Semantic Segmentation(link)
Algorithm | Backbone | Data | mIoU/mAcc/aAcc |
---|---|---|---|
DeepLab V3+ | ResNeSt | R1 | 74.68/ 82.99/ 87.72 |
DeepLab V3+ | ResNeSt | R1+SEAN(MS) | 75.58(+0.9)/ 83.81(+0.82)/ 88.09(+0.37) |
Instance Segmentation(link)
Algorithm | Backbone | Data | bboxAP/maskAP |
---|---|---|---|
Hybrid Task Cascade for Instance Segmentation | Resnet101-FPN | R1 | 53.9/ 55.0 |
Hybrid Task Cascade for Instance Segmentation | Resnet101-FPN | R1+SEAN(MS) | 54.3(+0.4)/ 57.2(+2.2) |
Cascade Mask R-CNN | Resnet101-FPN | R1 | 51.2/51.0 |
Cascade Mask R-CNN | Resnet101-FPN | R1+SPADE(MS+DRS) | 52.5(+1.3)/ 53.6(+2.6) |
Baseline Models
Semantic Segmentation
Installation
- Download source code and install from our mmsegmentation which we modified for our use.
Test
- Download config & checkpoints above and follow instructions below.
$cd mmsegmentation/demo # change directory to demo in mmsegmentation $python3 image_demo.py demo_images/{demo.jpg} \ {config.py} {checkpoint.pth}
Evaluatiton Metrics
- Evaluation code is included in the mmsegmentation training process. While user can also use COCO API for the evaluation metrics.
Instance Segmentation
Installation
- Download source code and install from our mmdetection which we modified for our use.
Test
- Download config & checkpoints above and follow instructions below.

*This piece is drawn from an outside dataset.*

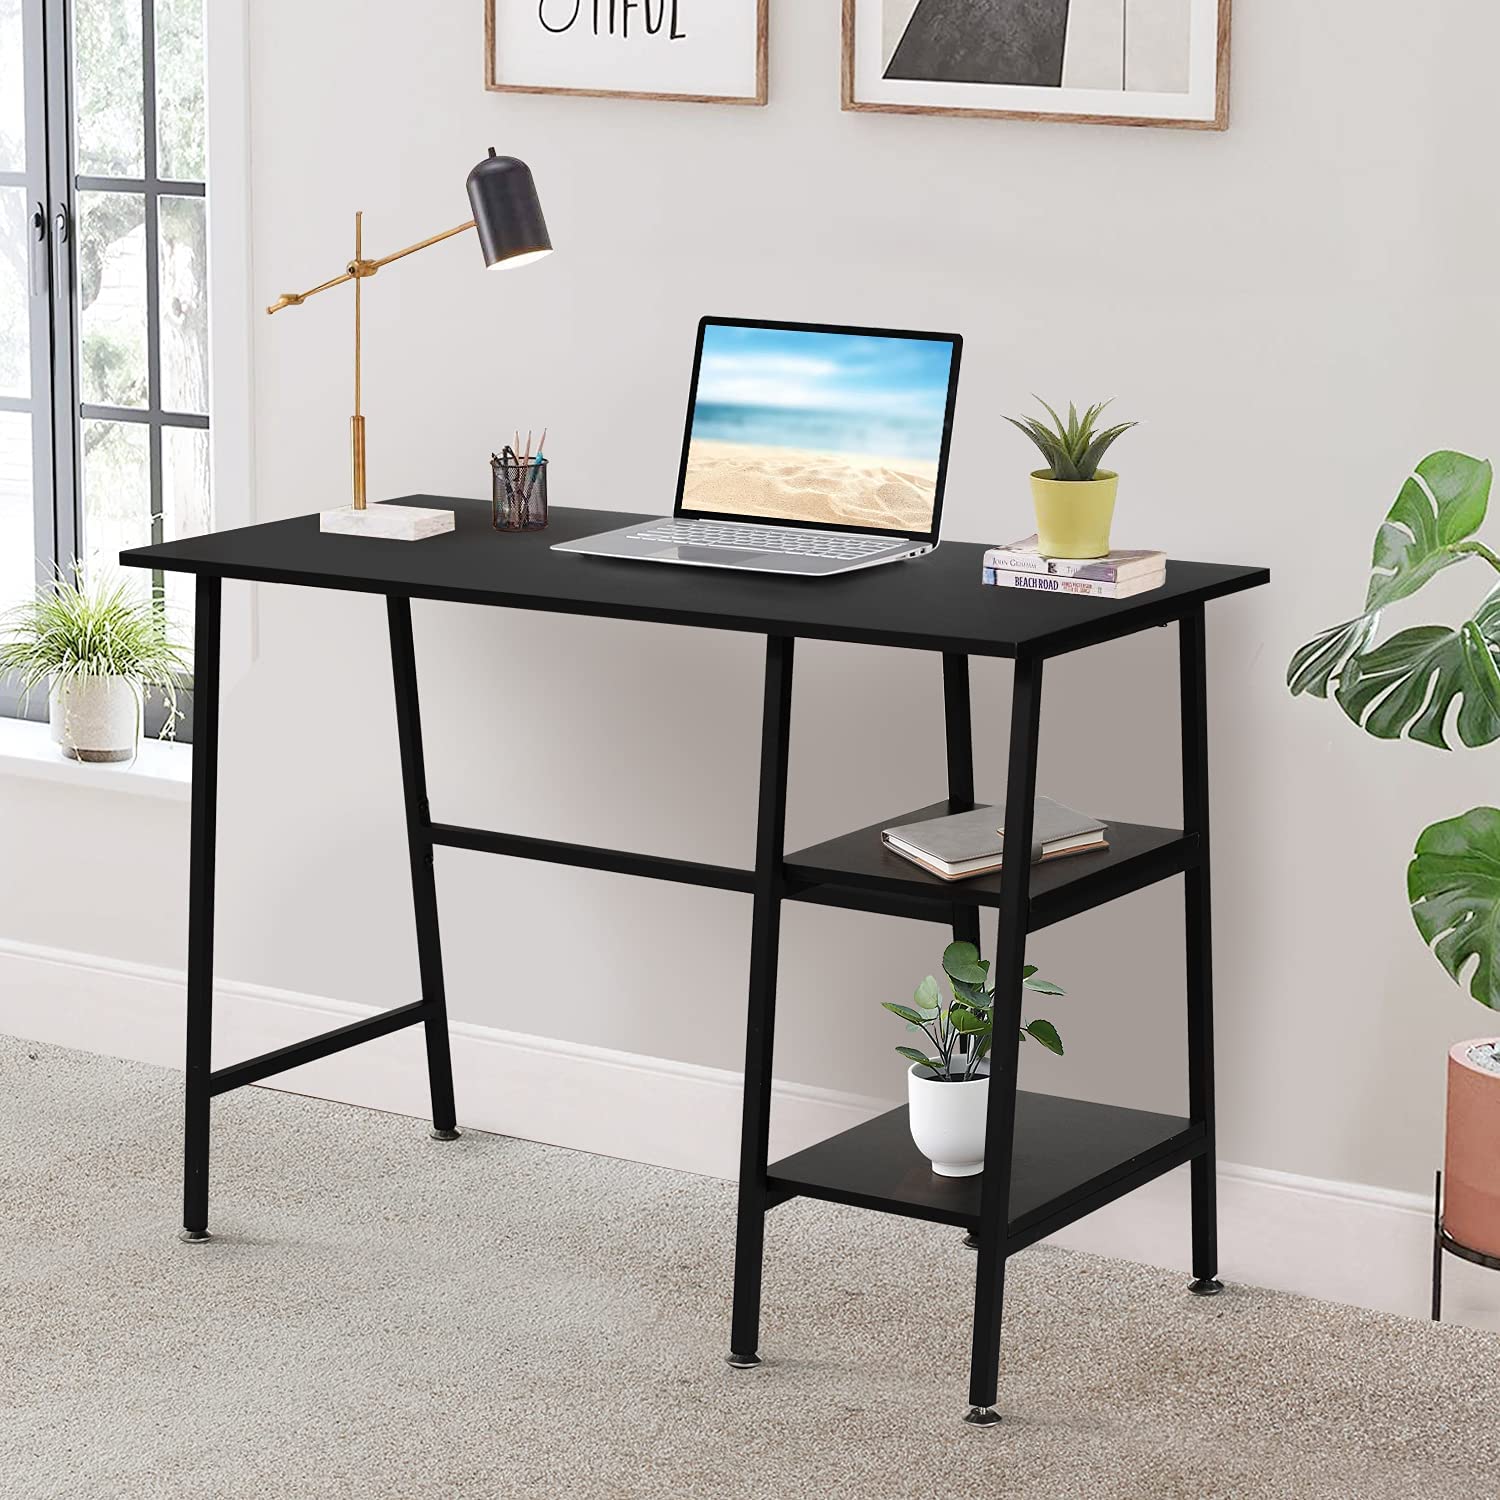 Laptop Desk Study Table Standing Office Desk Gaming Student Bedroom  Computer Desk Accessories simple Home Office

$cd mmdetection/demo # change directory to demo in mmdetection $python3 image_demo.py demo_images/{demo.jpg} \ {config.py} {checkpoint.pth}
Evaluatiton Metrics
- Evaluation code is included in the mmdetection training process. While user can also use COCO API for the evaluation metrics.